_Dataset extract_:
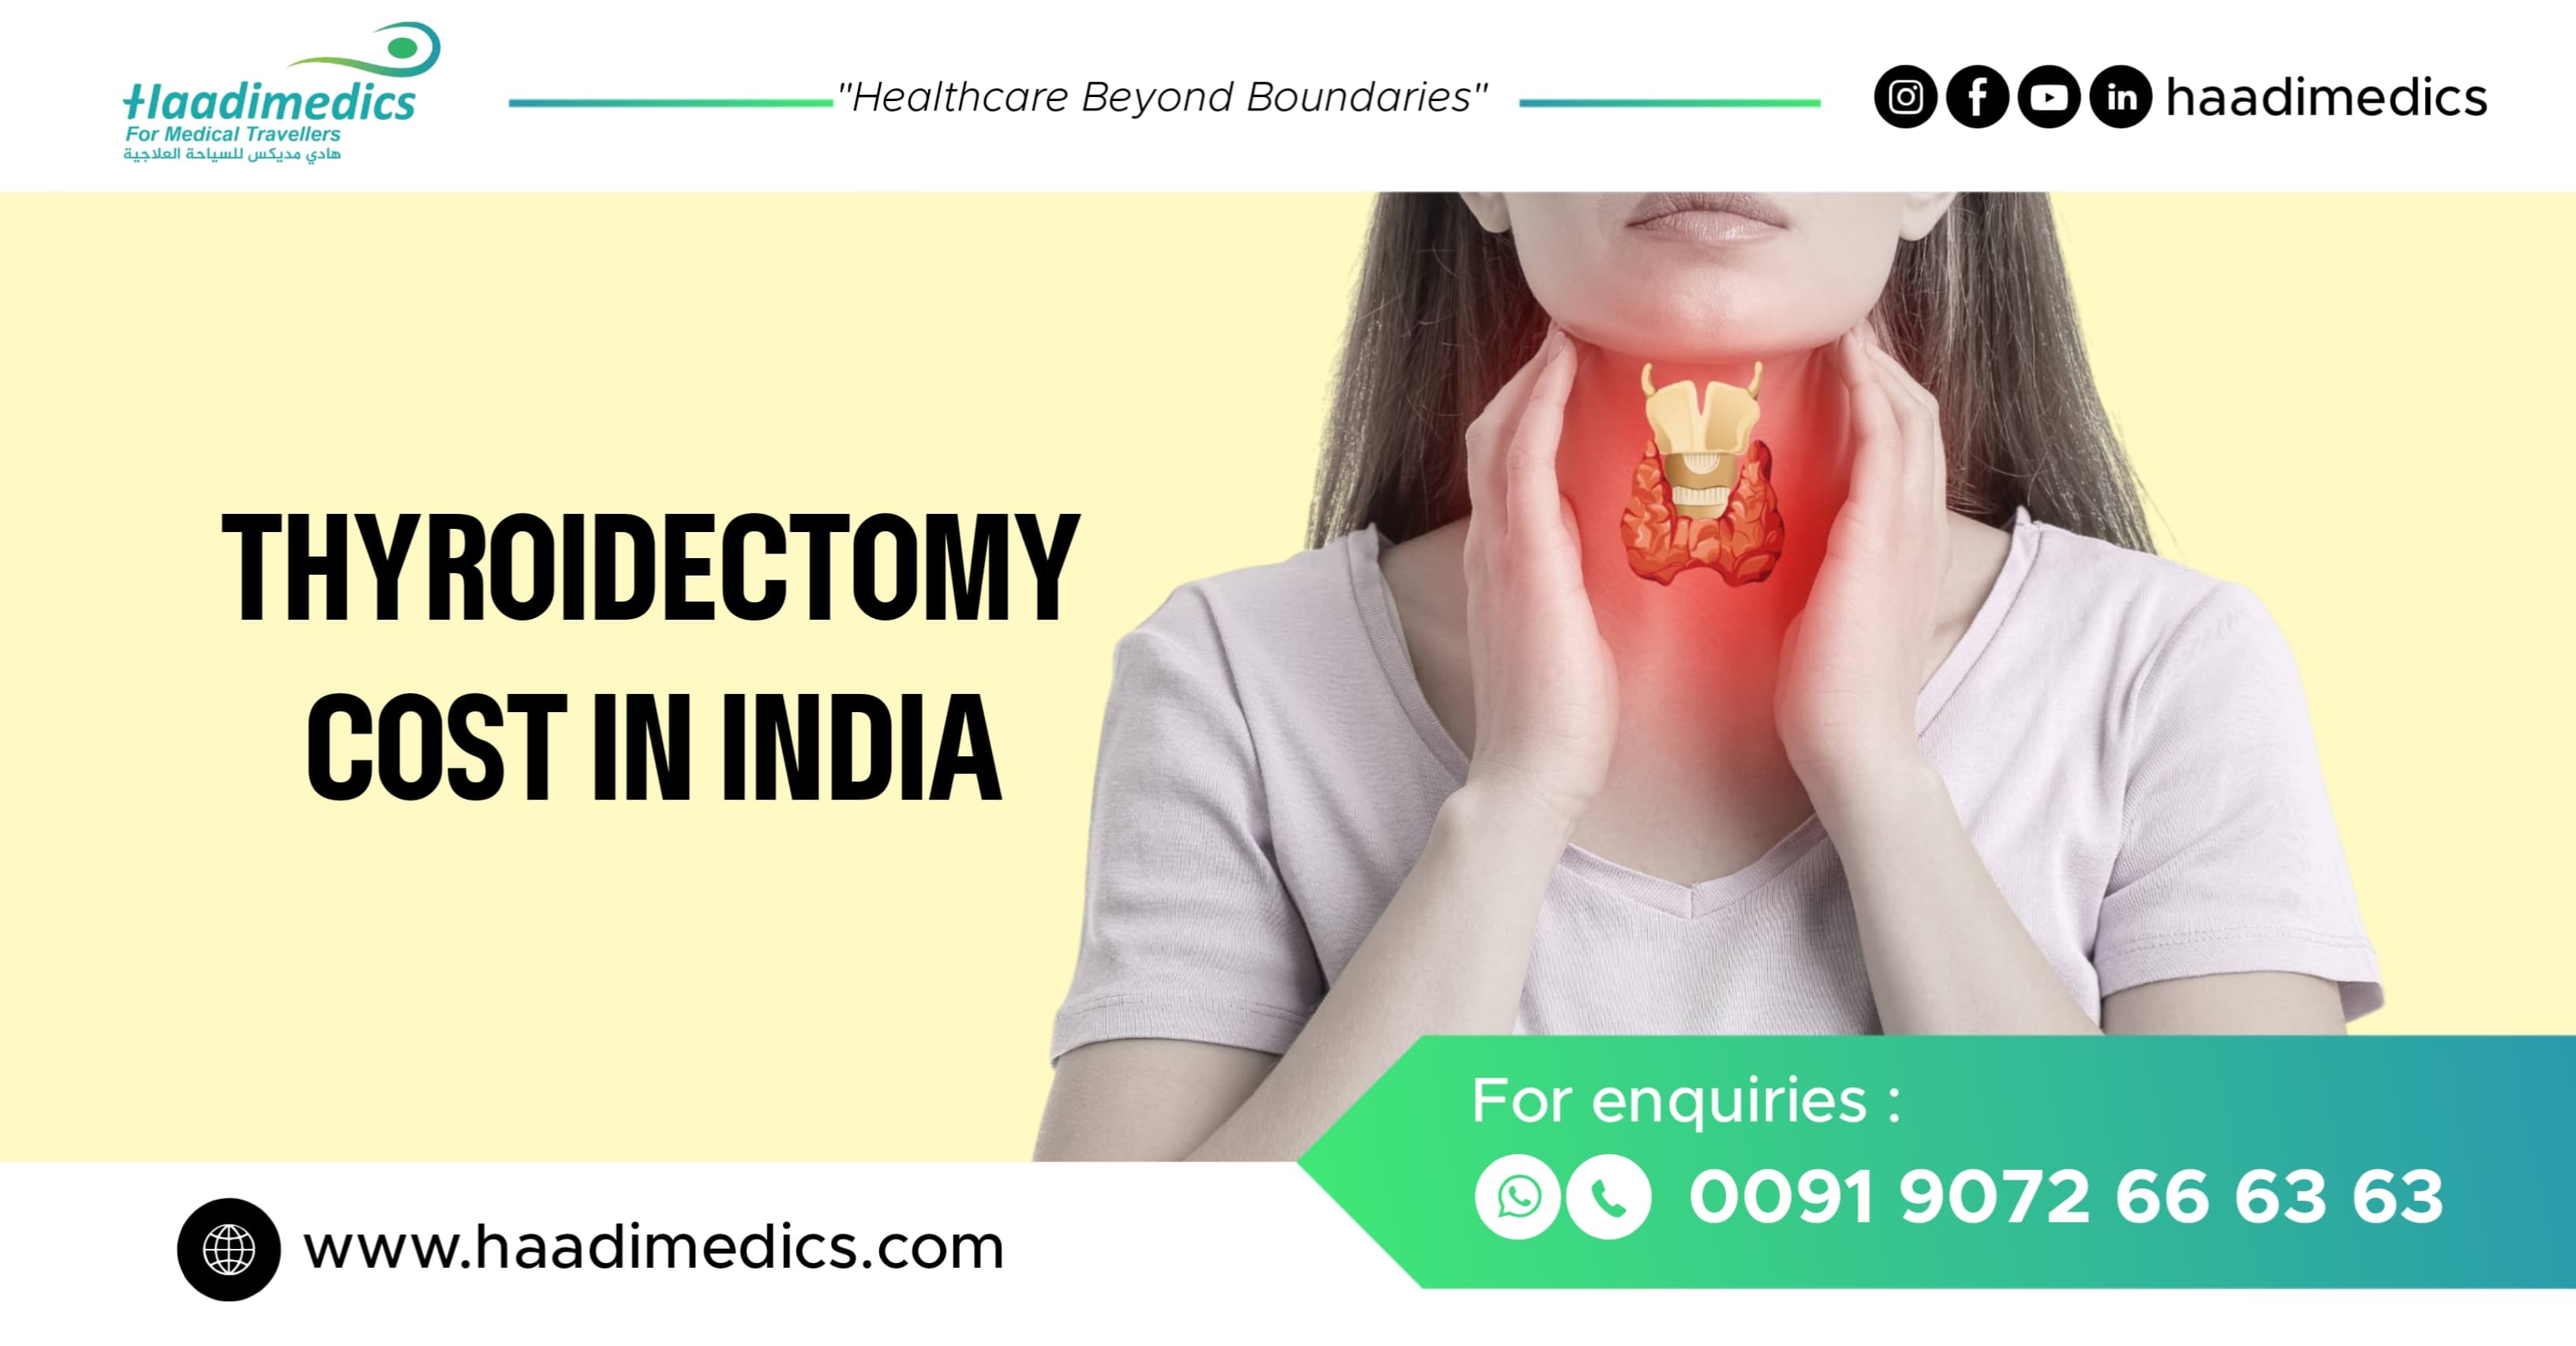 Thyroidectomy Cost in India
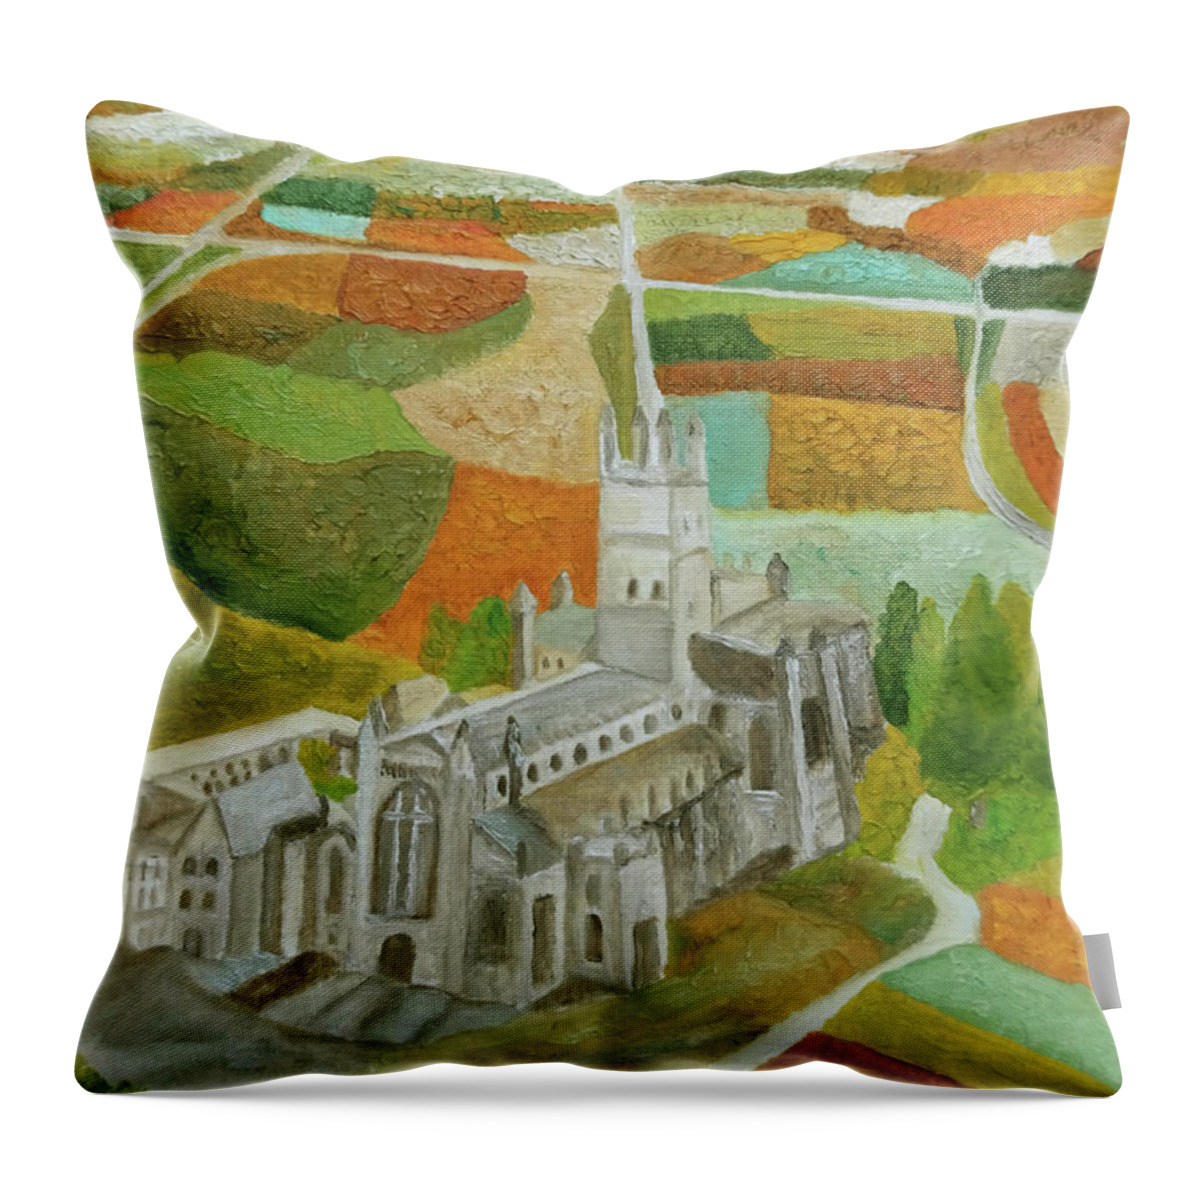 Gloucester Throw Pillow featuring the painting Cheltenham From The Gloucester Cathedral by Angeles M Pomata
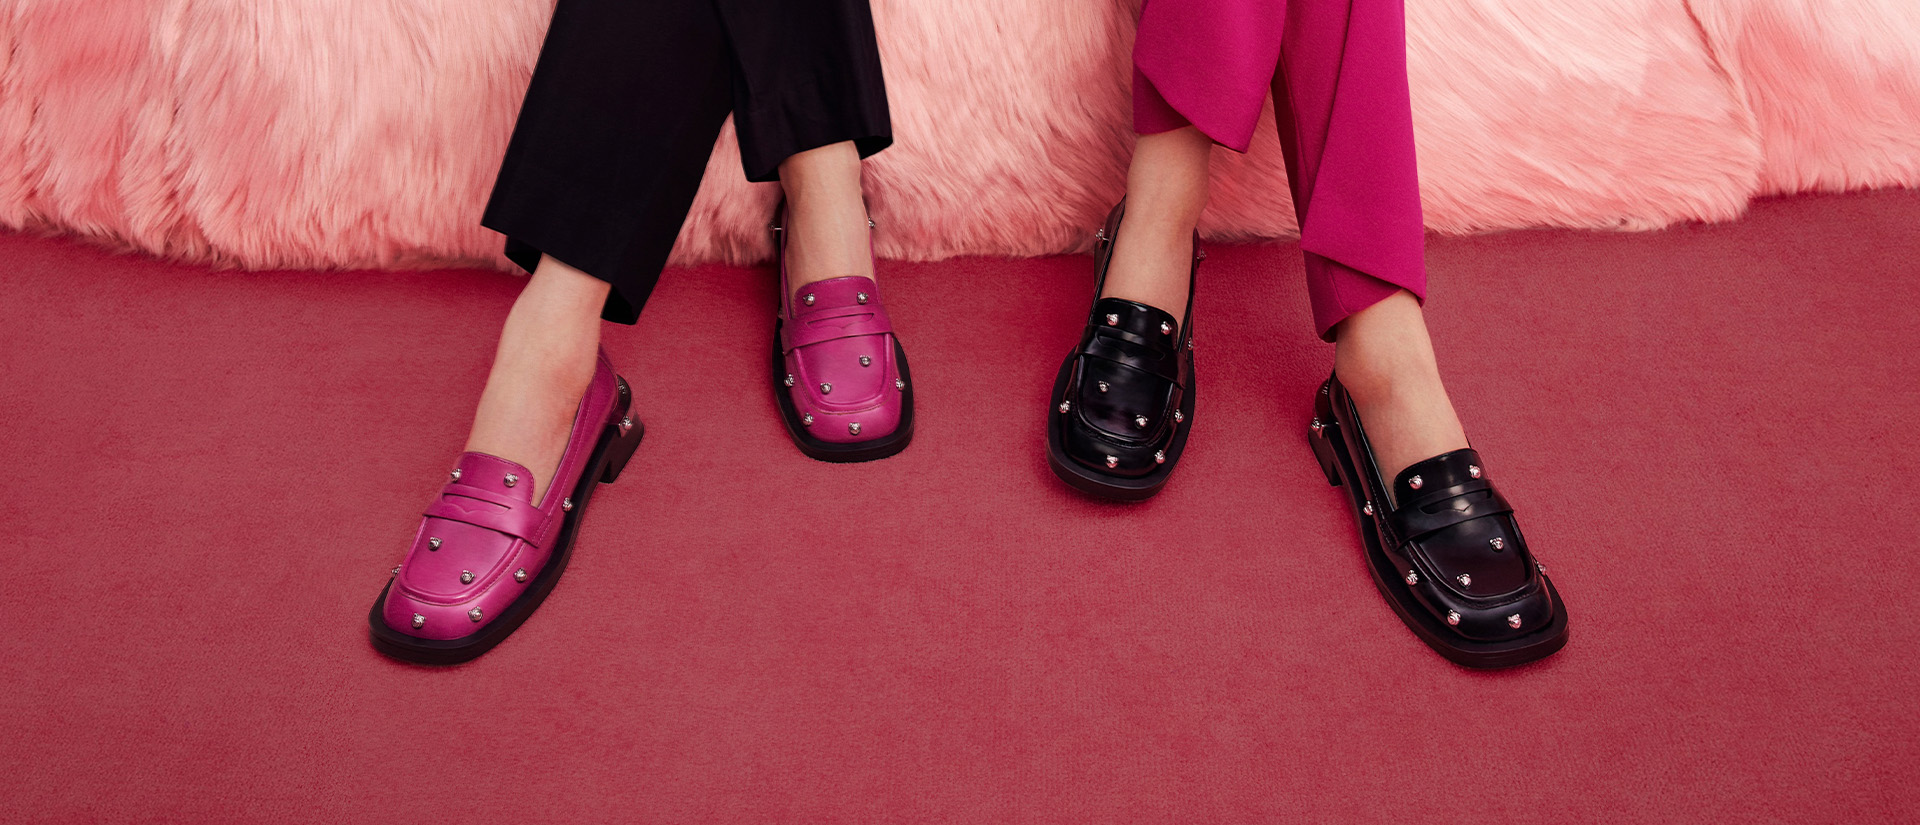 Women’s Lotso Studded Penny Loafers in fuchsia and black  - CHARLES & KEITH

_Work to be completed_:
Pictures are to be dropped, and the lines from the line with "Gloucester Throw Pillow" through the end of the material above are to be reproduced exactly.

_The answer_:
 Gloucester Throw Pillow featuring the painting Cheltenham From The Gloucester Cathedral by Angeles M Pomata
 Women’s Lotso Studded Penny Loafers in fuchsia and black  - CHARLES & KEITH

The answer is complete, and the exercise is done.